2025 COLING COLING 2025

DadmaTools V2: an Adapter-Based Natural Language Processing Toolkit for the Persian Language

Abstract

AbstractDadmaTools V2 is a comprehensive repository designed to enhance NLP capabilities for the Persian language, catering to industry practitioners seeking practical and efficient solutions. The toolkit provides extensive code examples demonstrating the integration of its models with popular NLP frameworks such as Trankit and Transformers, as well as deep learning frameworks like PyTorch.

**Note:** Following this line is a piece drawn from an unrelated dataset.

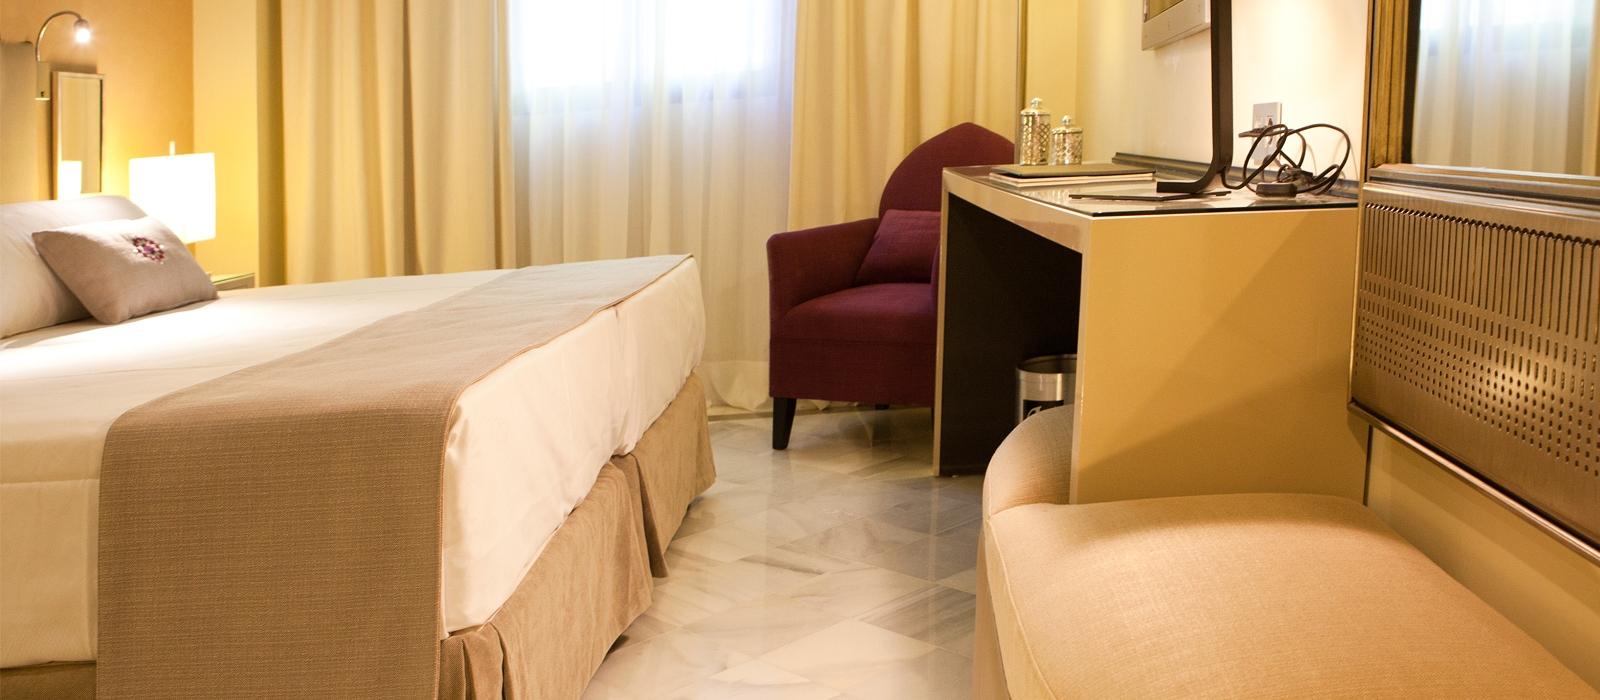 Hotel Vincci Granada Albayzín - Habitaciones Dobles para Minusválidos

Additionally, DadmaTools supports widely used Persian embeddings and datasets, ensuring robust language processing capabilities. The latest version of DadmaTools introduces an adapter-based technique, significantly reducing memory usage by employing a shared pre-trained model across various tasks, supplemented with task-specific adapter layers. This approach eliminates the need to maintain multiple pre-trained models and optimize resource utilization. Enhancements in this version include adding new modules such as a sentiment detector, an informal-to-formal text converter, and a spell checker, further expanding the toolkit’s functionality. DadmaTools V2 thus represents a powerful, efficient, and versatile resource for advancing Persian NLP applications.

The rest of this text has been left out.